Key ways to make the next EOFY less taxing

As the end of the financial year (EOFY) period starts to wind down and a new financial year gets underway, it’s natural for business owners and their teams to feel a little overwhelmed, especially if it’s your first year in business.

After all, it’s been an extremely busy, stressful time and you’re probably wondering how you can eliminate some of the frantic nature of EOFY when it rolls around again in 12 months’ time.

But fear not! With the right strategies in place, you can already start planning for the next EOFY with ease and confidence.

We break down why it’s never too early to start planning ahead and how you can make the next EOFY period much less taxing for you and your team, covering areas such as:

  • Plan ahead and start early
  • Stay organised
  • Leverage accounting software
  • Delegate tasks
  • Communicate effectively with your team and advisors

Plan ahead and start early

The secret to a stress-free EOFY lies in careful planning.

Start by reviewing your financial records and identifying any outstanding tasks that need to be completed before the deadline.

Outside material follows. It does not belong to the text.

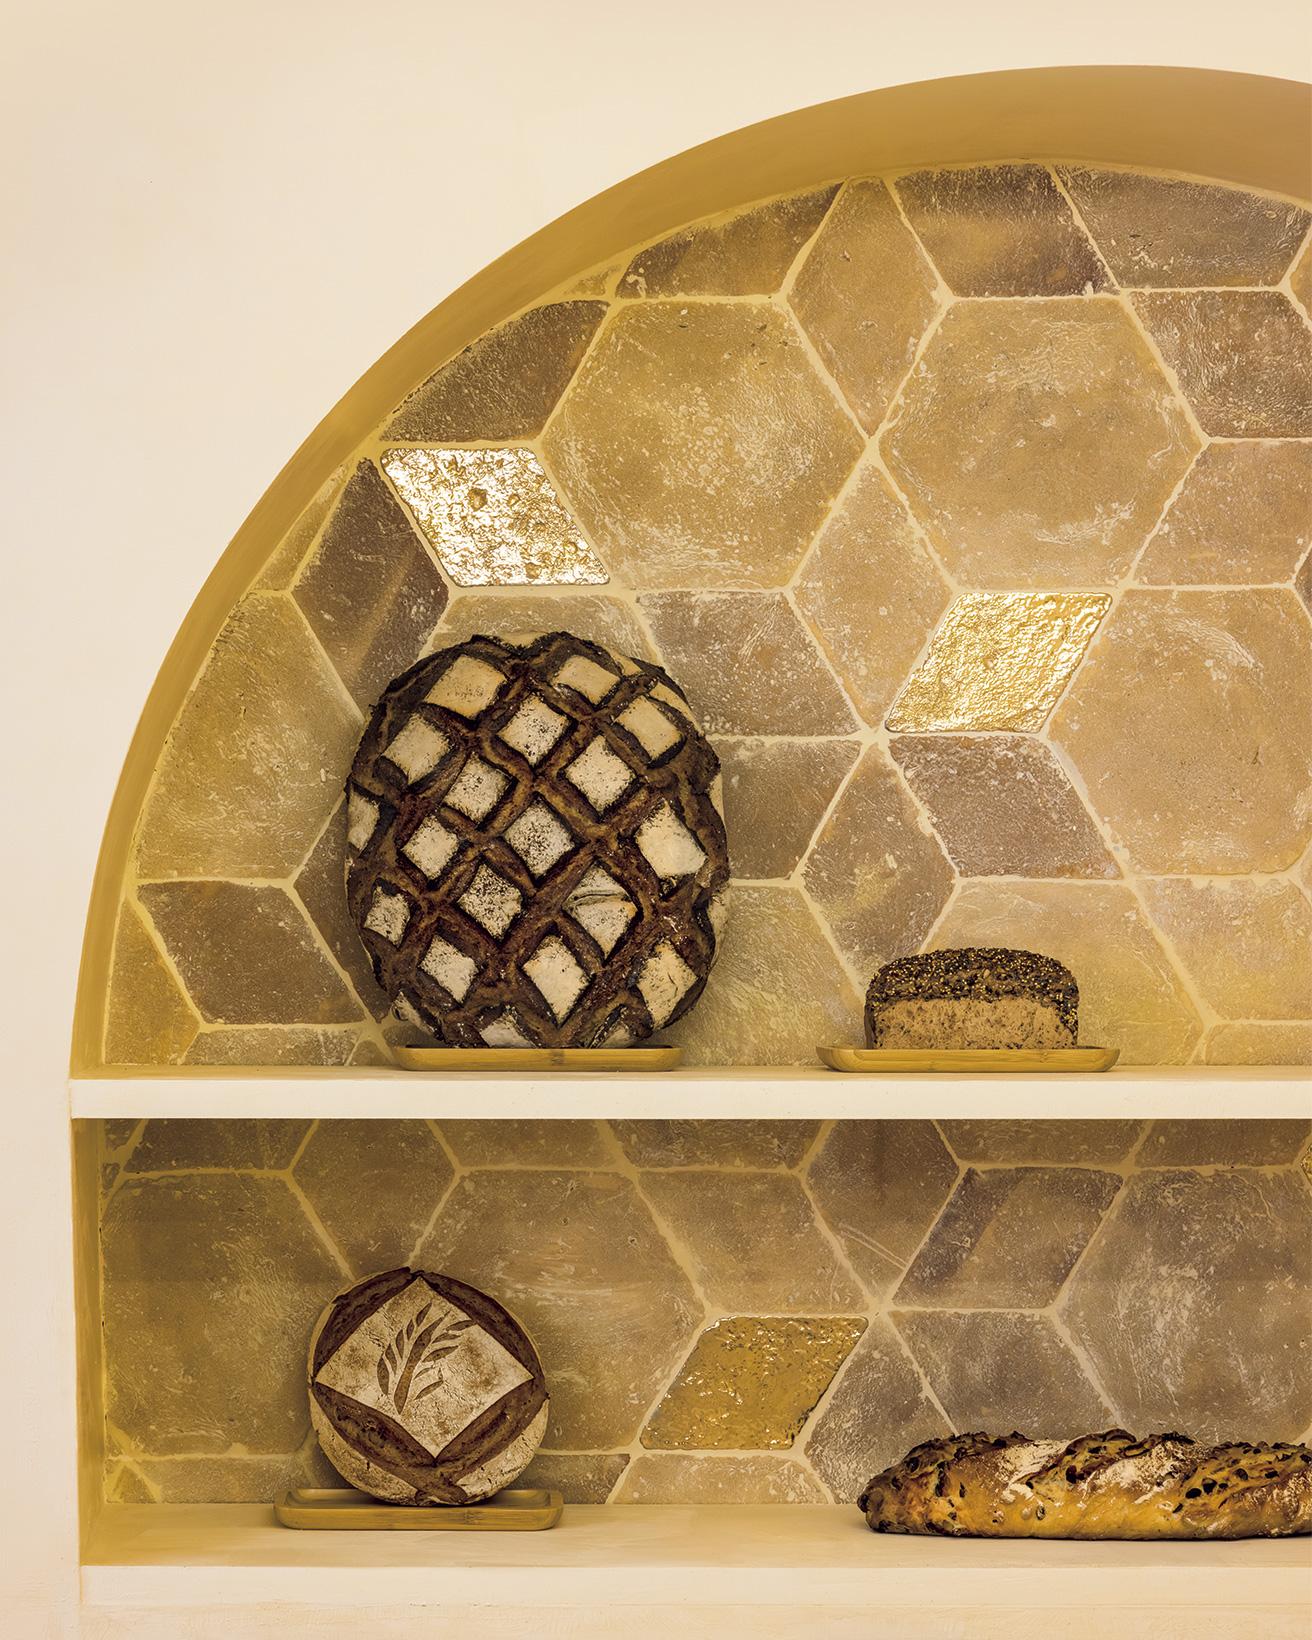 アーチ型陳列棚の内側は石灰や金箔で表面加工したテラコッタタイル。

Create a comprehensive checklist and allocate responsibilities to your team members to ensure nothing falls through the cracks.

Jody Sitters, a registered BAS agent, and MYOB Community Relations Manager, advises that proper planning is needed to be on the front foot.

“Get your business data up to date well before the end of the year, which gives you the opportunity to plan with your advisor,” she says.

“You may want to maximise your deductions in that year if needed, push back on invoicing big jobs, or buy that new truck that you’ve been looking at.”

Similarly, Pamela Taylor, the Founder & CEO of Greenspace Bookkeeping, says one of the best ways to reduce stress at EOFY is to start preparing early.

“Begin reviewing your financial records early to identify any discrepancies or missing documents,” she says.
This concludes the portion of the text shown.